I’m not sure how the idea of homeschooling came into our lives. We didn’t have close friends who were homeschooling at that point. I had a degree in education and a major bias against homeschooling - who did parents think they were, anyway?

We had moved into the inner city of Minneapolis with three little children, fully expecting to public school them. But - the year before Jacob was supposed to start kindergarten, we made visits to several local schools - and NO. I won’t go into it here but what we observed was NOT what we wanted for our children. It’s not that our kids were too good for the local schools - if it wasn’t good enough for our kids, it wasn’t good enough for any kids. But we knew we couldn’t take on Minneapolis Public Schools.So why not venture into something different - for a year or two? I remember sitting at our supper table in this season of pondering. At least one child spilled his milk while pouring into his cup. Randy looked at me and said something like: “what do you remember learning in school before you were able to pour milk without spilling it?” Hmmm - how much could we mess up their early education?!

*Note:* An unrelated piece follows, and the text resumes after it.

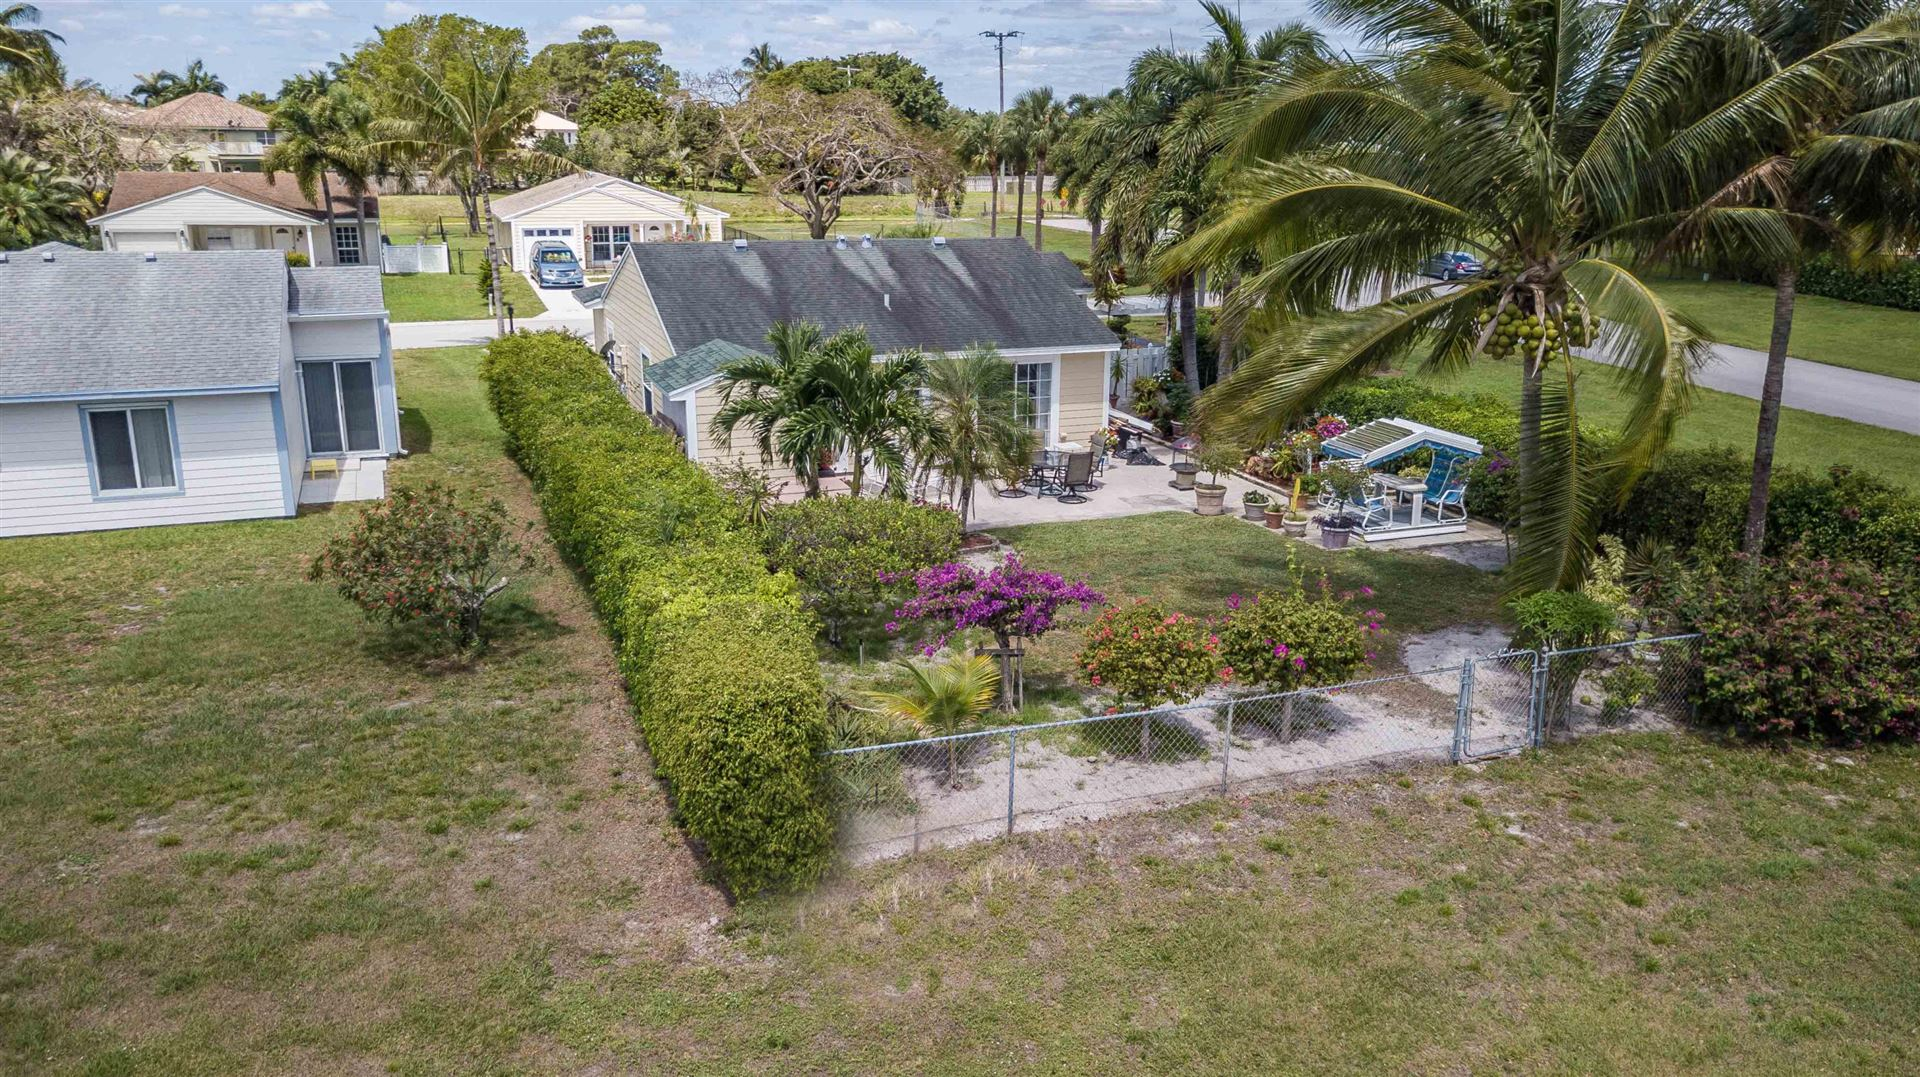 9006 Chrysanthemum Drive, Boynton Beach, FL 33472 - #: RX-10618846

So Randy sent me away for a weekend to think and pray about our family’s education. I took my education textbooks from college. Remember - there was no internet - no way to google my way into a vision for our children’s education. Just me and a couple dry college textbooks about education philosophy and methodology and child development. Those books - and prayer. I got prayed out so I took a walk in Dinkytown. I went into a used bookstore. I found this $9 (out of print) book: One Thousand Poems for Children.

broken image

It captured my heart.It made me think: I want to read things like this to our children. Timeless. Beautiful. Meaningful words. 

Randy and I discussed this vague sense - this deep longing - this hesitant optimism. This scared yearning. I can’t say that it was God telling us to embark. I don’t think the Bible in any way mandates homeschooling as we know it. We are certainly required to oversee and invest in our children’s education but there are a myriad of ways to do that.

But for us - this was the way we were going to take - for a couple of years. That was 1992. We took it one year at a time. Our small group became the “what should Westlunds do for their kids’ education next year prayer group” every spring.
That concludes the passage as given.